# 2006 GTO Steering Wheel Change



## rufusthedog (Jul 7, 2010)

Hello All,

I've got a 2006 GTO with 20K miles & the steering wheel looks like dogXXXX. It appears that the vendor that supplied the steering wheel did a poor job at their craft - the silver stuff is peeing & looks like it has 200K miles on it.

So ..... I'd like to replace the sheel with something a bit more in tune with the style & performance of the car.

Does anyone make a wheel & adaptor to replace the stock wheel or so I just live with it??

Thanks.
RTD


----------



## GTO JUDGE (May 14, 2005)

rufusthedog said:


> Hello All,
> 
> I've got a 2006 GTO with 20K miles & the steering wheel looks like dogXXXX. It appears that the vendor that supplied the steering wheel did a poor job at their craft - the silver stuff is peeing & looks like it has 200K miles on it.
> 
> ...


It wasn't the vendor its the quality of the product. MANY have reported the silver caps peeling. If it's out of warranty you can remove them and refinish. Some have painted them different colors.


----------



## 2004goat (Feb 10, 2010)

how do you like this?


----------



## LS2 MN6 (Jul 14, 2010)

2004goat said:


> how do you like this?


Nice!


----------



## rufusthedog (Jul 7, 2010)

Thanks guys.

I assume that the all black is a "repaired" version of the peeling silver caps version?

I just ordered a flee-bay wheel so I can experiment.

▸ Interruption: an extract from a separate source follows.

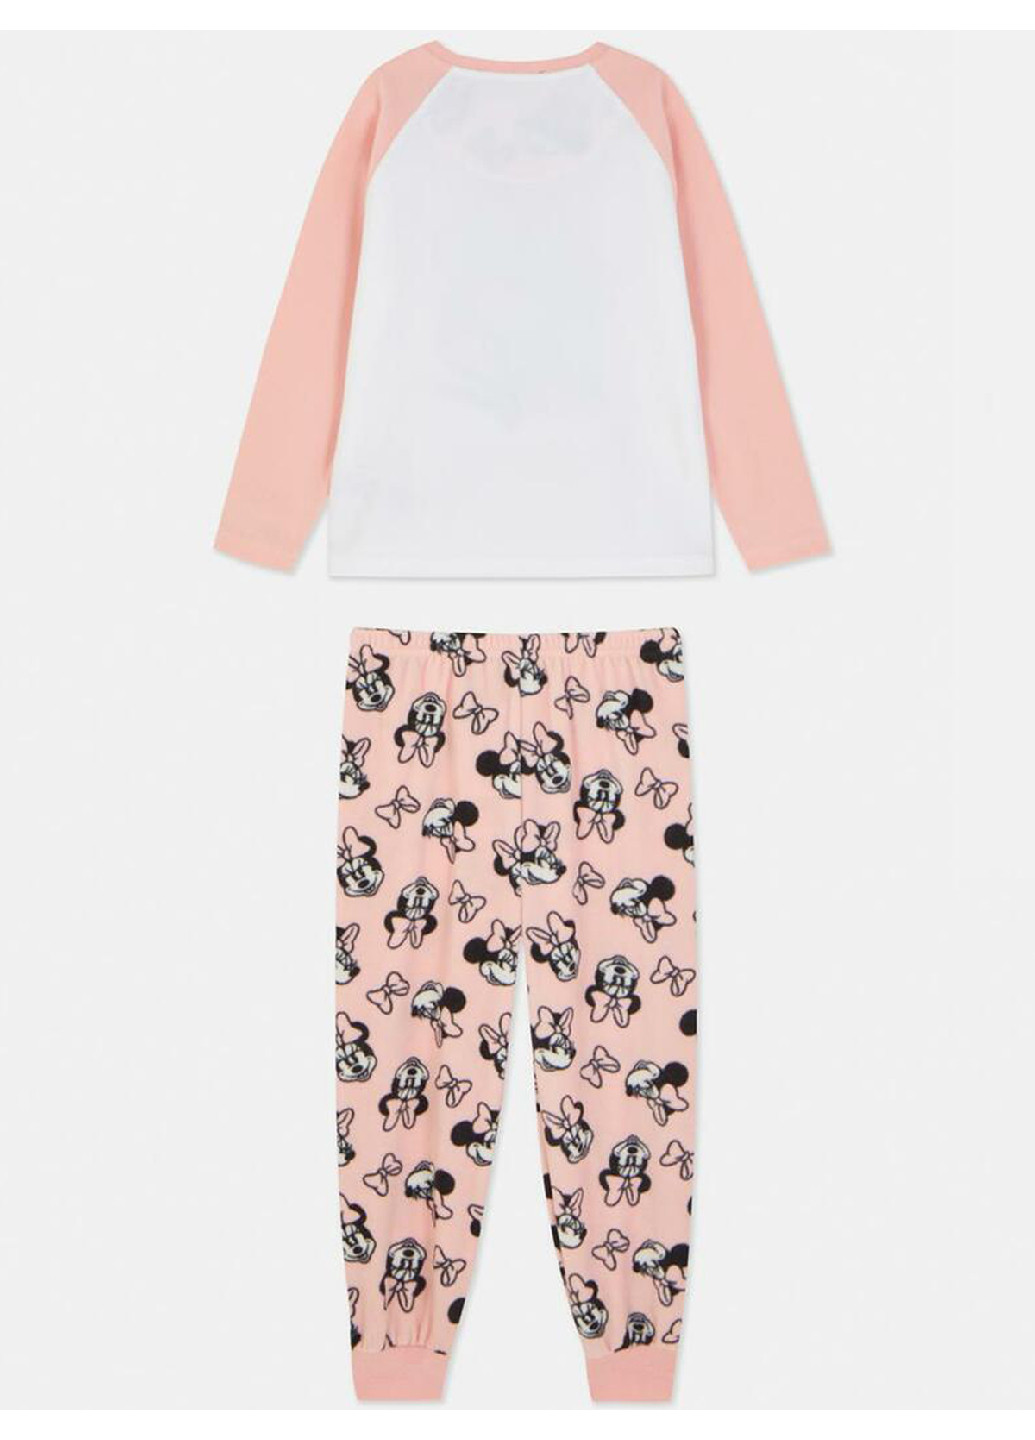 Комбинированная зимняя флисовая пижама (свитшот, брюки) свитшот + брюки Primark

Thanks again & nively done wheel.

RTD


----------



## 2004goat (Feb 10, 2010)

no the all black is a factory Holden/GM wheel. its from jhp you need to check them out, the have great stuff for the 04-06 gto


----------



## 2004goat (Feb 10, 2010)

they also have this style but still has the silver.


----------



## silversport (Mar 23, 2007)

2004goat said:


> how do you like this?


I like that too...nice!
Bill


----------